Smoking Tobacco: Forms and Health Effects

I think we can all agree that smoking tobacco is among the least healthy habits people have. Tobacco smoke has been shown to contain a series of harmful substances, even if we don’t count nicotine, which can kill you in an instant. Still, people enjoy the smoke all over the world, in several forms. And these forms have different effects on the consumer.

Smoking tobacco is harmful, dangerous, and probably deathly

 Smoking tobacco has been linked to a series of health conditions, both directly and indirectly. Lung cancer is the first that comes to mind, but there are many others – heart conditions, strokes, hypertension, miscarriages, erectile dysfunction, and the list could go on forever.

Second hand smoke (the one that has already been in the lungs of a smoker, along with the one that comes from tobacco products burning idly in an ashtray) is also dangerous. It has the same effects as consuming it directly – but on non-smokers exposed to it.

Still, the tobacco industry has an important contribution to the global economy. This means that smoking is not encouraged, but permitted.

Smoking what?

 Tobacco is consumed in a series of ways. Some people chew tobacco, others sniff tobacco powder, and yet others use tobacco orally as a mild stimulant – see snus and creamy snuffs for example.

Still, the most common form of tobacco use in Europe and the Americas is smoking it in one form or another. Today I want to take a look at some of these forms – namely cigarettes, cigars and pipes – and their effects on our health.


 Cigarettes are perhaps the most accessible tobacco products worldwide. They consist of tobacco rolled in a paper tube, usually with a filter at one end, sold “ready to consume” basically everywhere. People who smoke cigarettes inhale the smoke directly, which gets into their lungs. It is perhaps the fastest way to introduce nicotine in the smoker’s system, but it also comes with a series of other – harmful – chemicals.

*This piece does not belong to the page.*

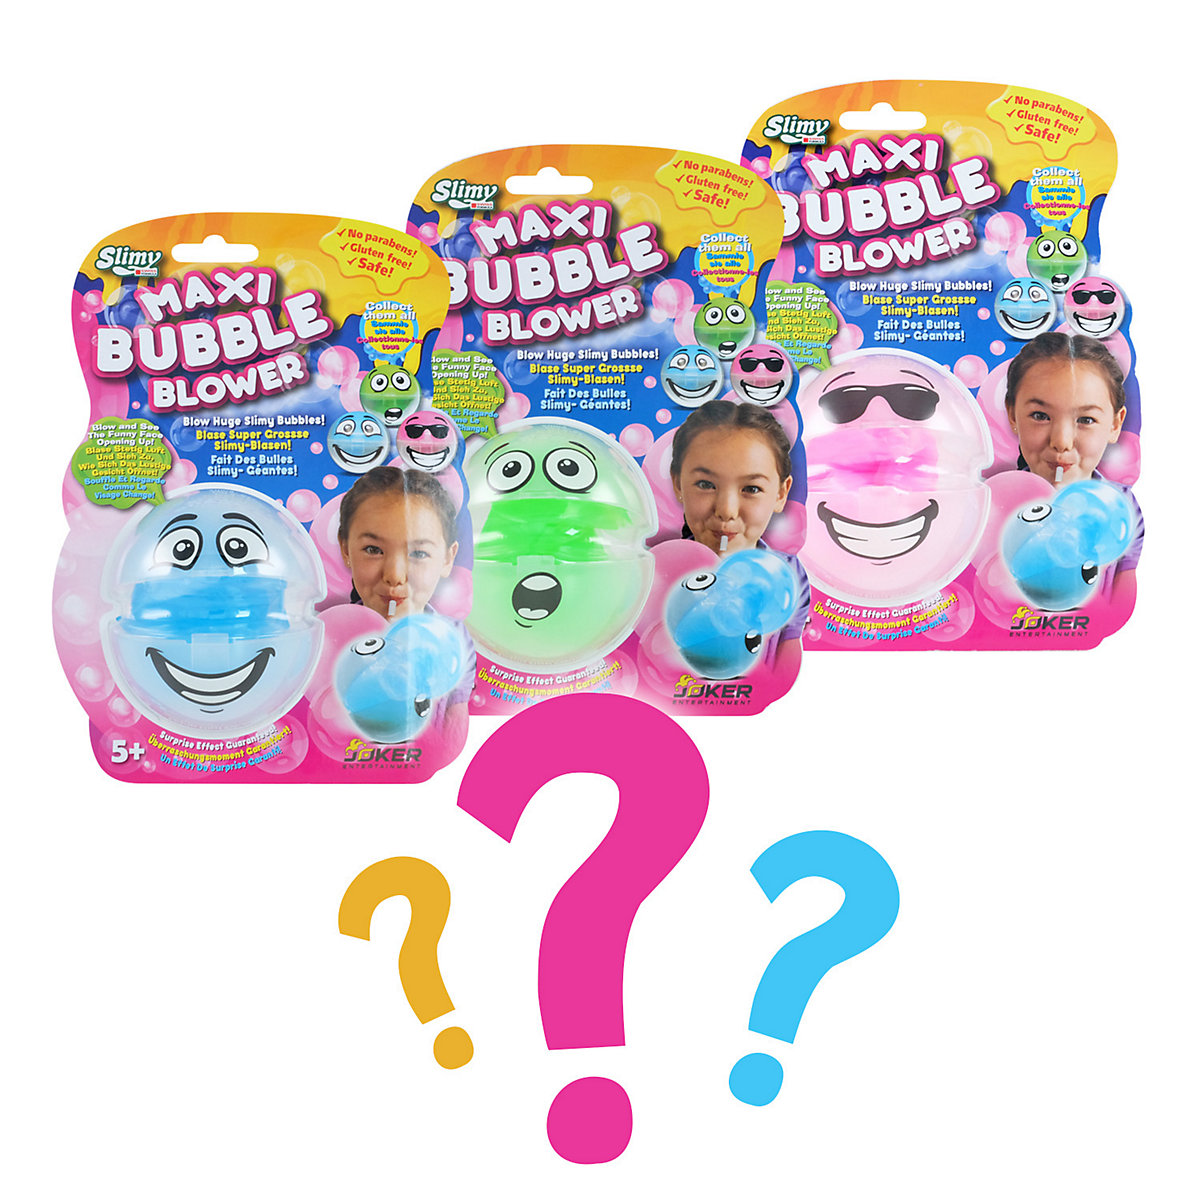 SLIMY® Maxi Bubble mit Bubble-Blower für super große Slime-Blasen aus extrem dehnbarem Schleim Spielmasse für Kinder

Some of these chemicals come from tobacco itself, while others are additives with their own share of negative effects. Besides, the paper itself adds to the mix of nasty things found in tobacco. Not to mention the fact that inhaling this mixture of chemicals raises the risk of lung cancer significantly.


Considered a more sophisticated form of smoking tobacco, cigars have become more popular over the years. Cigars are given out when a newborn sees the light for the first time, and generally used to celebrate happy events. They have become a symbol of welfare over time.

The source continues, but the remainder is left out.